▸ Work instructions
Nothing but the pictures is dropped; write out all the remaining data below exactly.

___ Data block ___

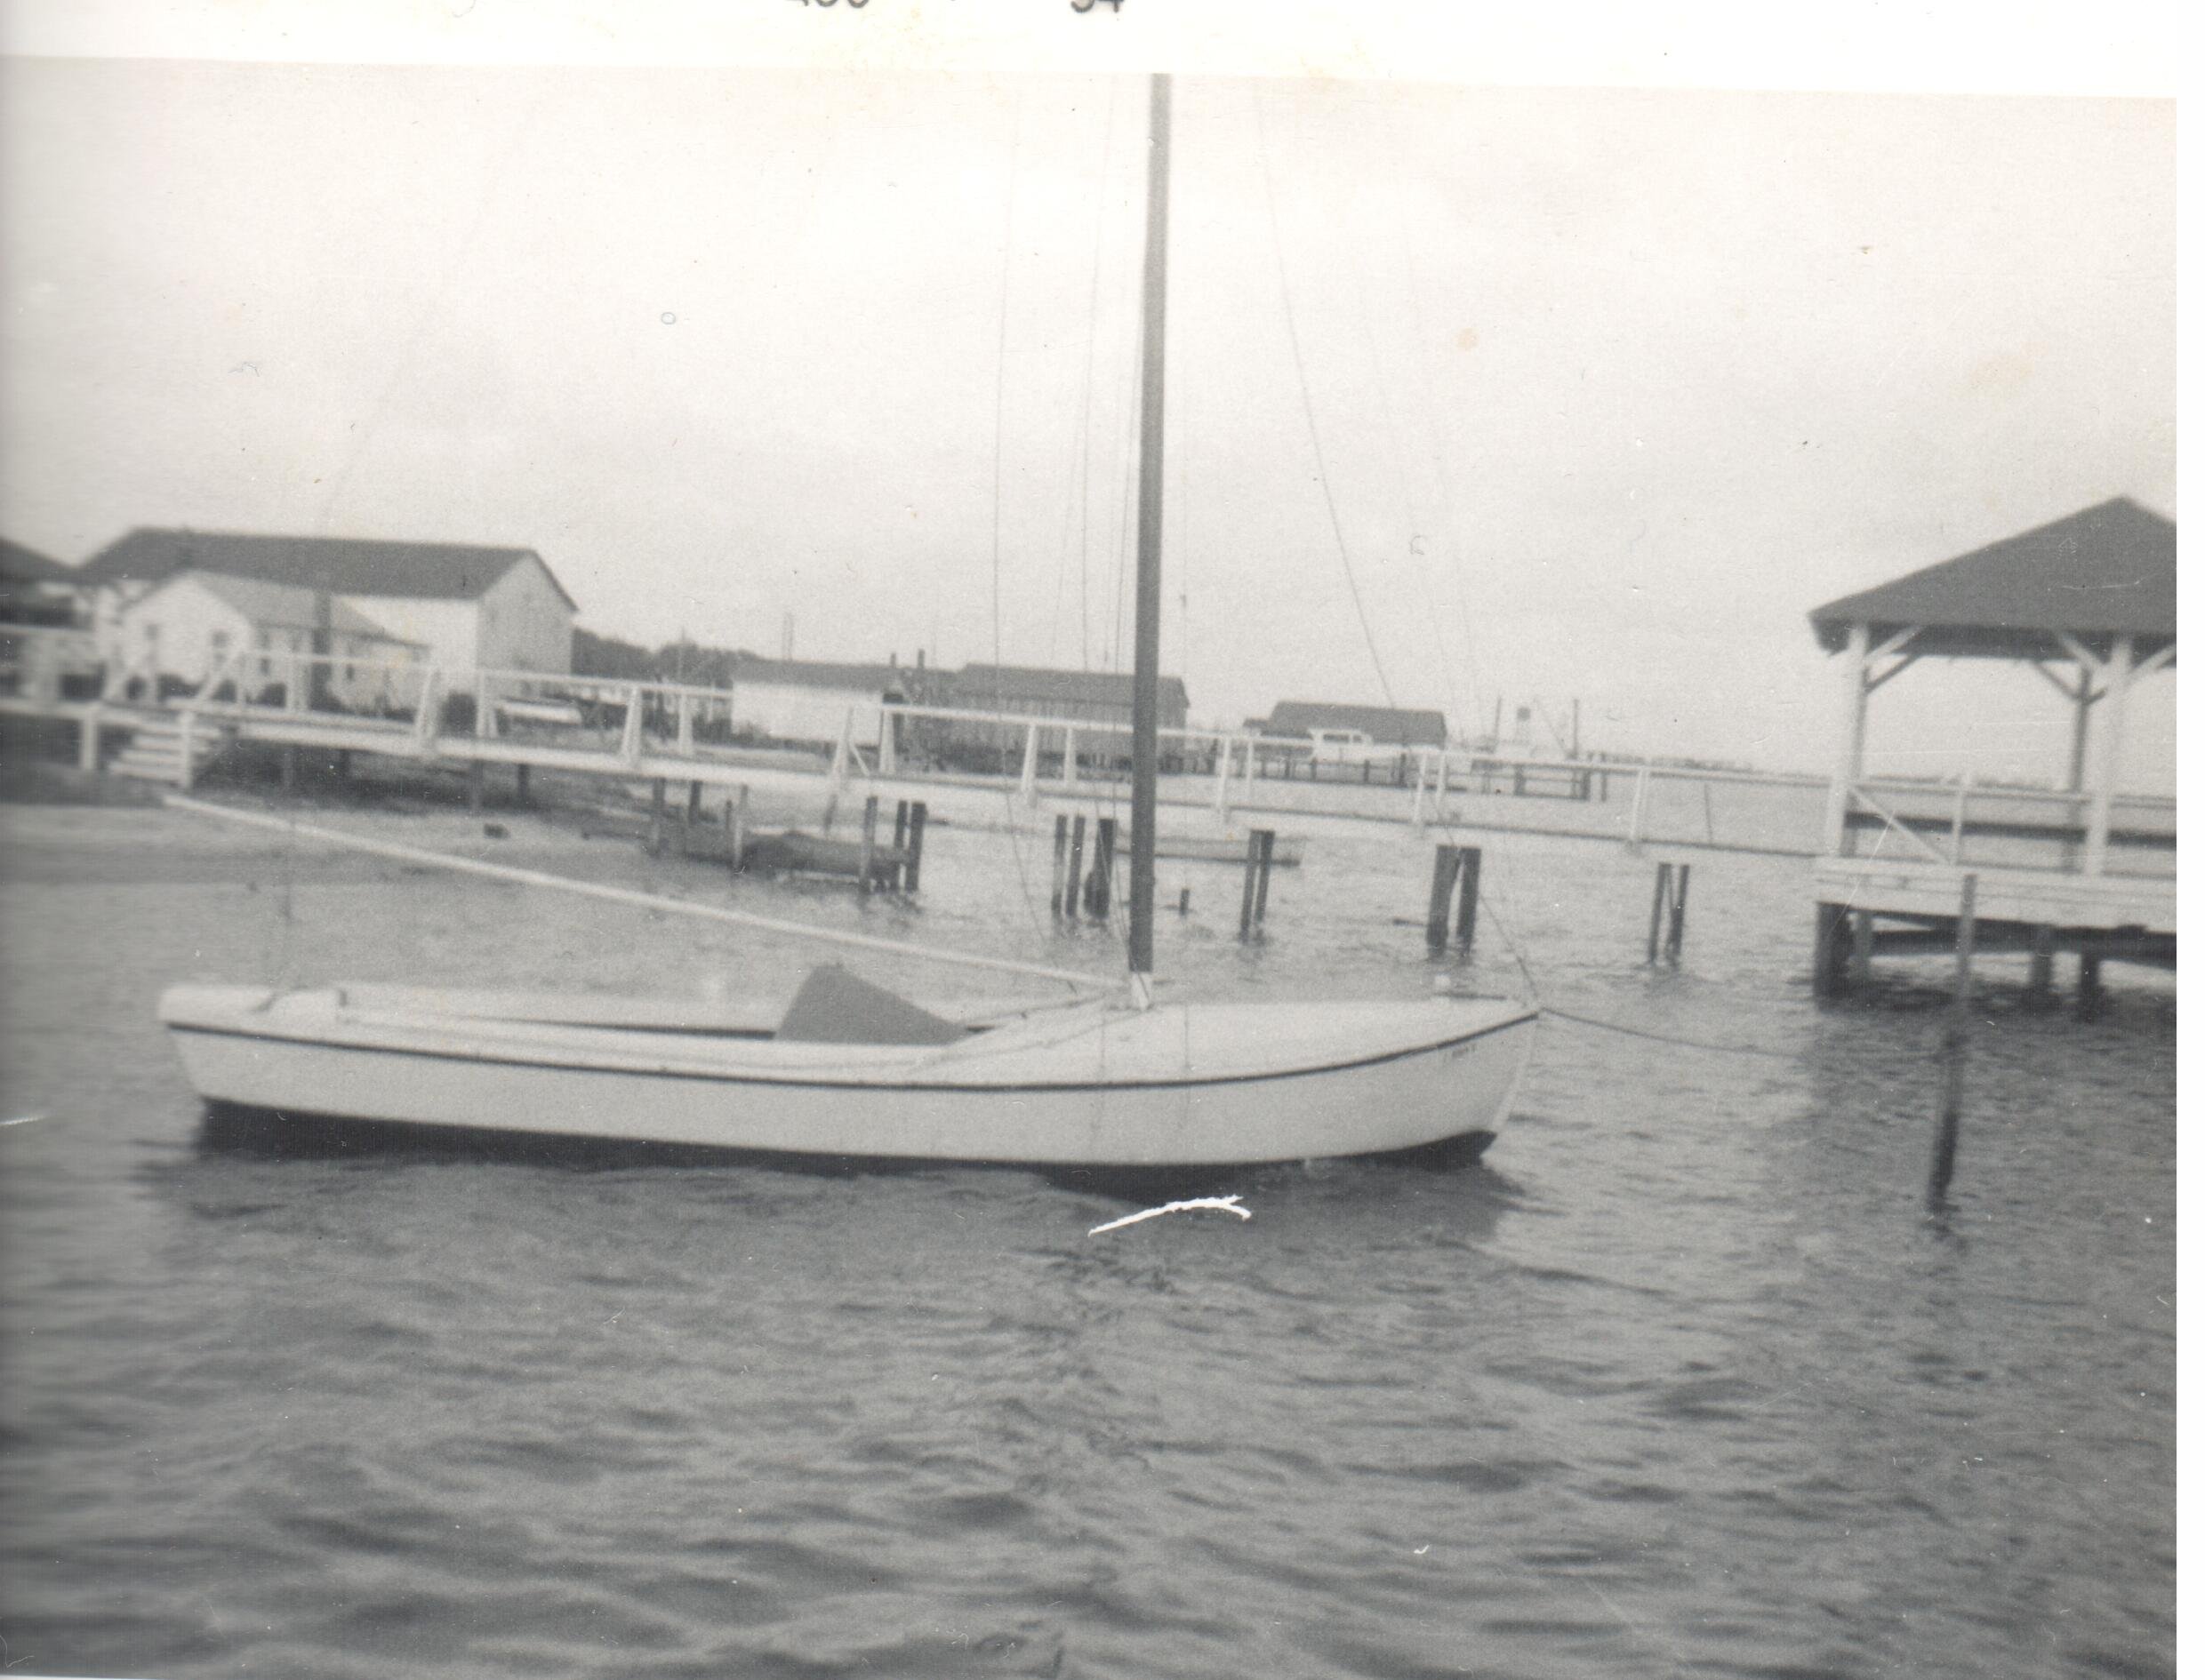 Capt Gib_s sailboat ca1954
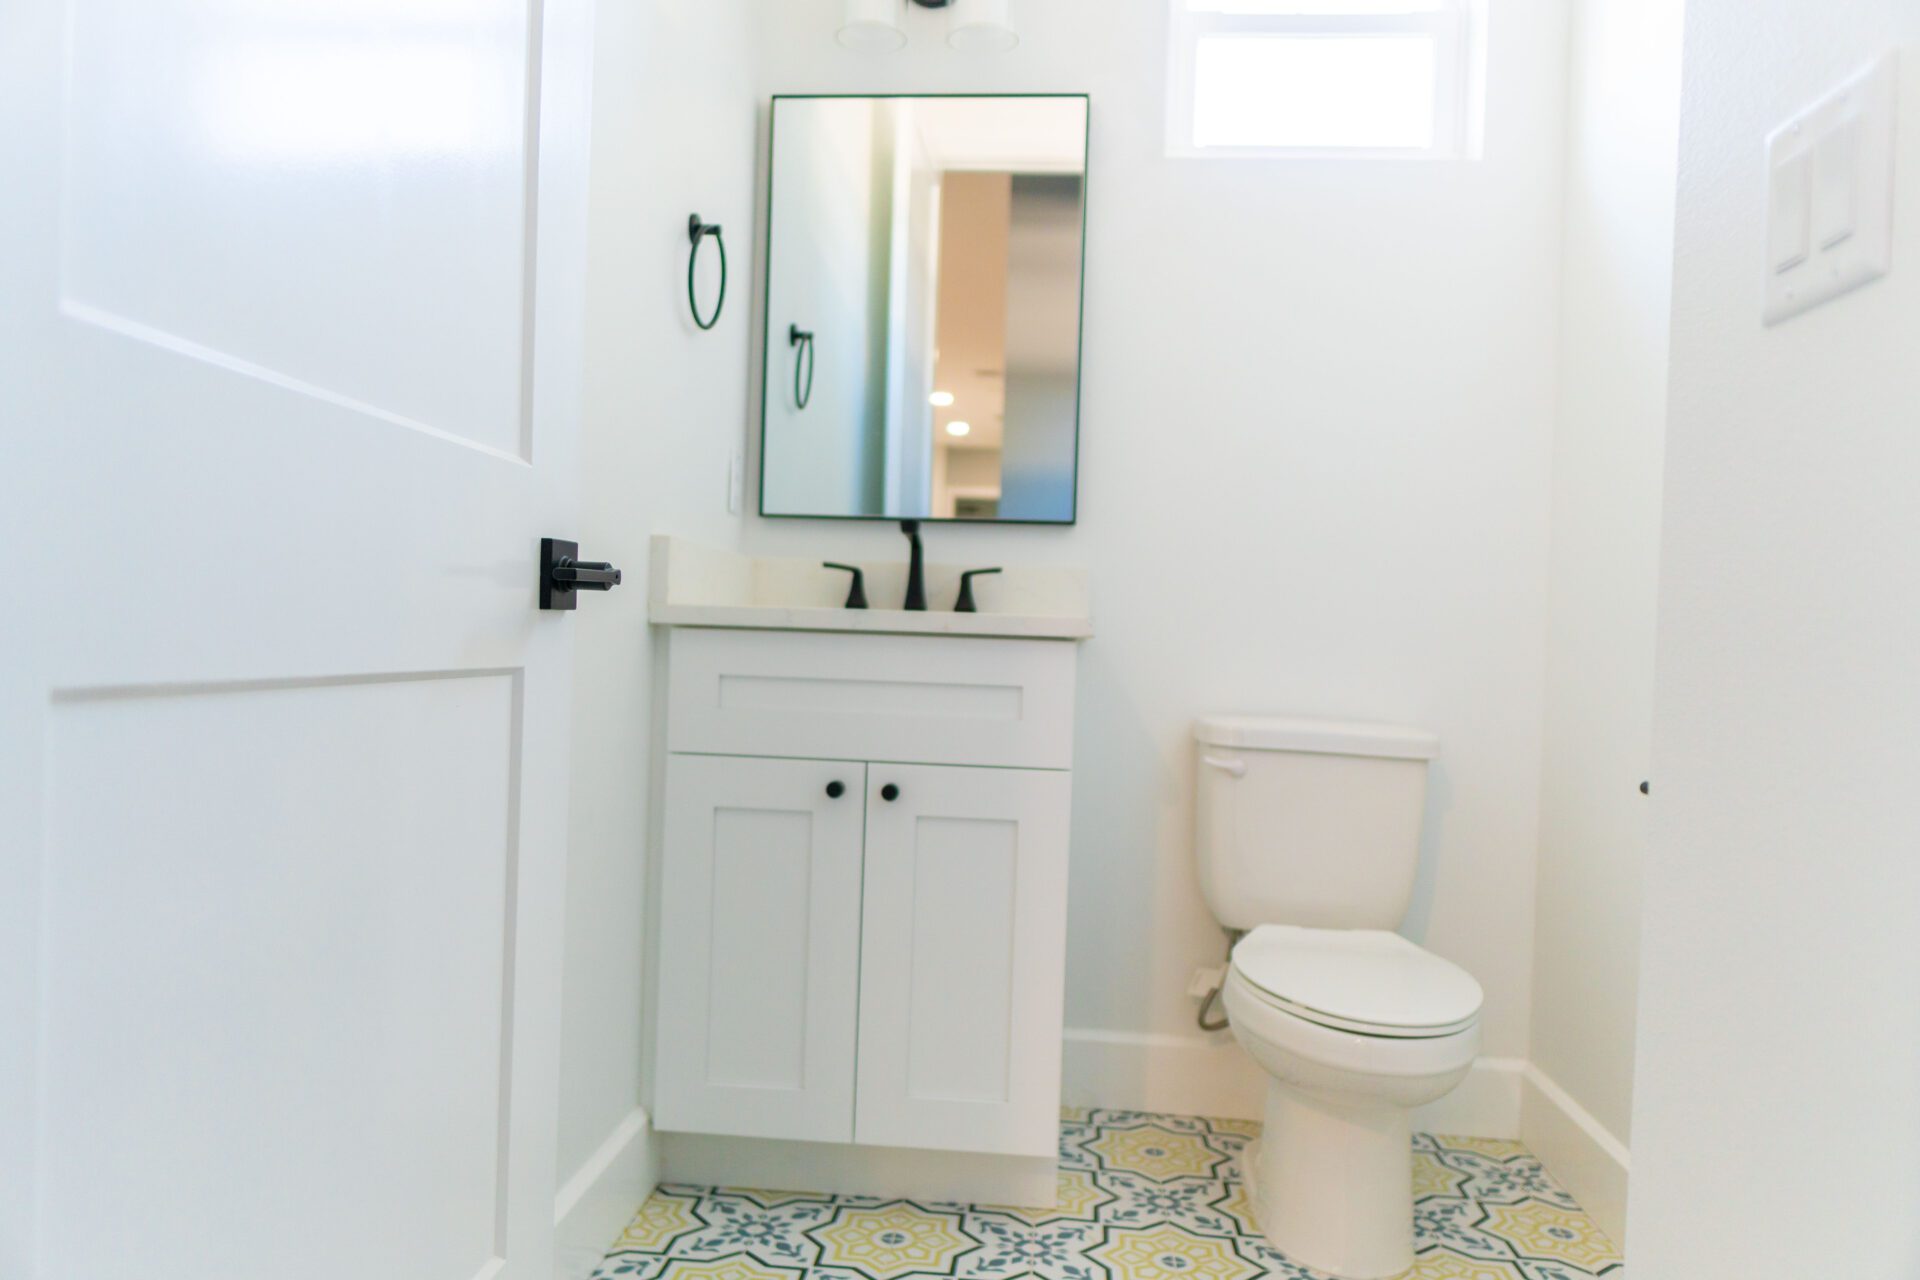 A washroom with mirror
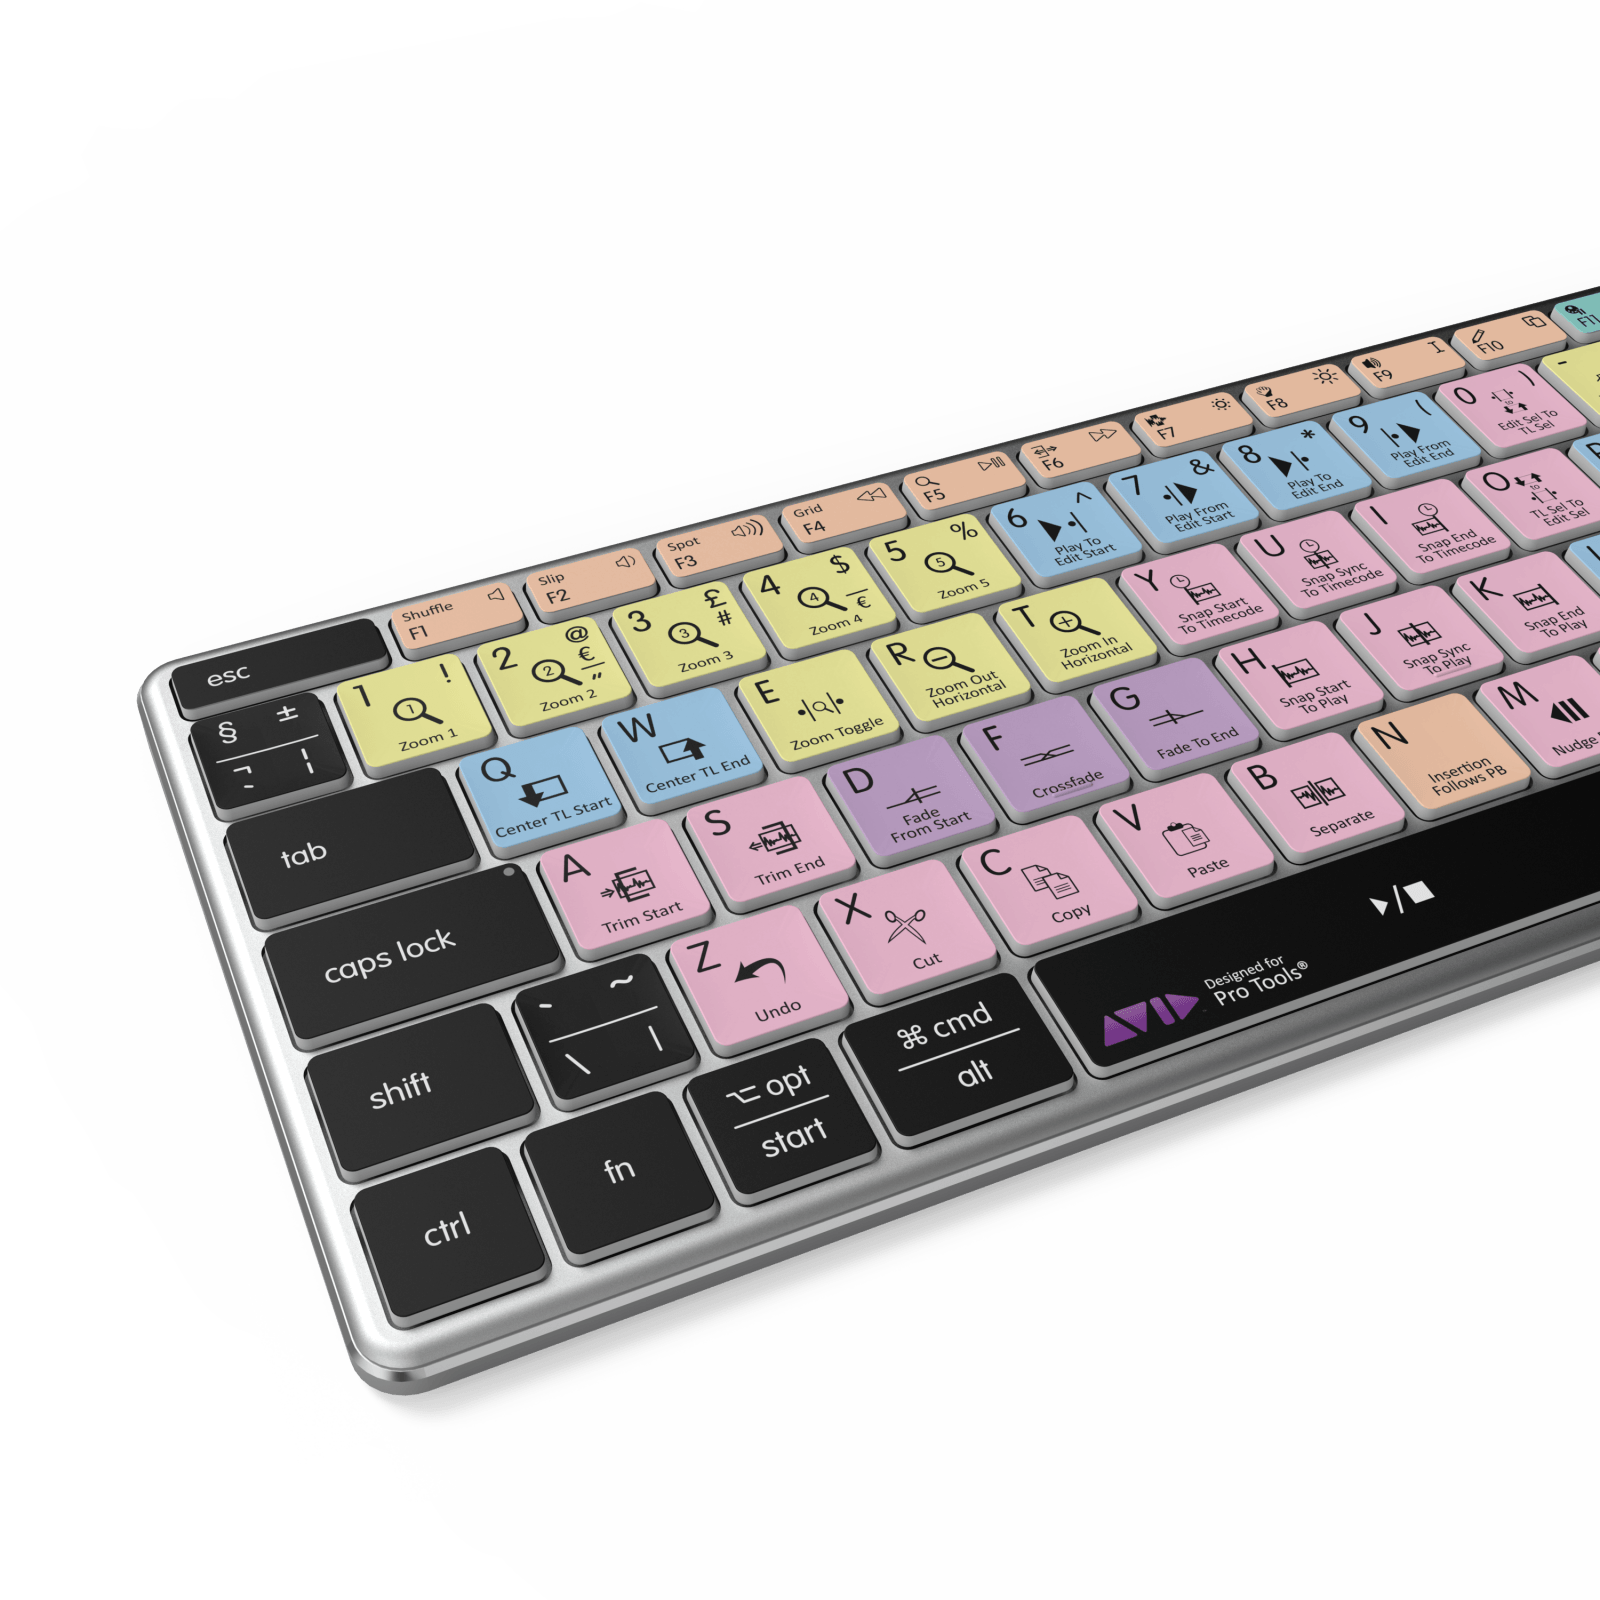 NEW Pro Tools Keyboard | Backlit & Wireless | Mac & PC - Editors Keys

___

▸ Written solution
 Capt Gib_s sailboat ca1954
 A washroom with mirror
 NEW Pro Tools Keyboard | Backlit & Wireless | Mac & PC - Editors Keys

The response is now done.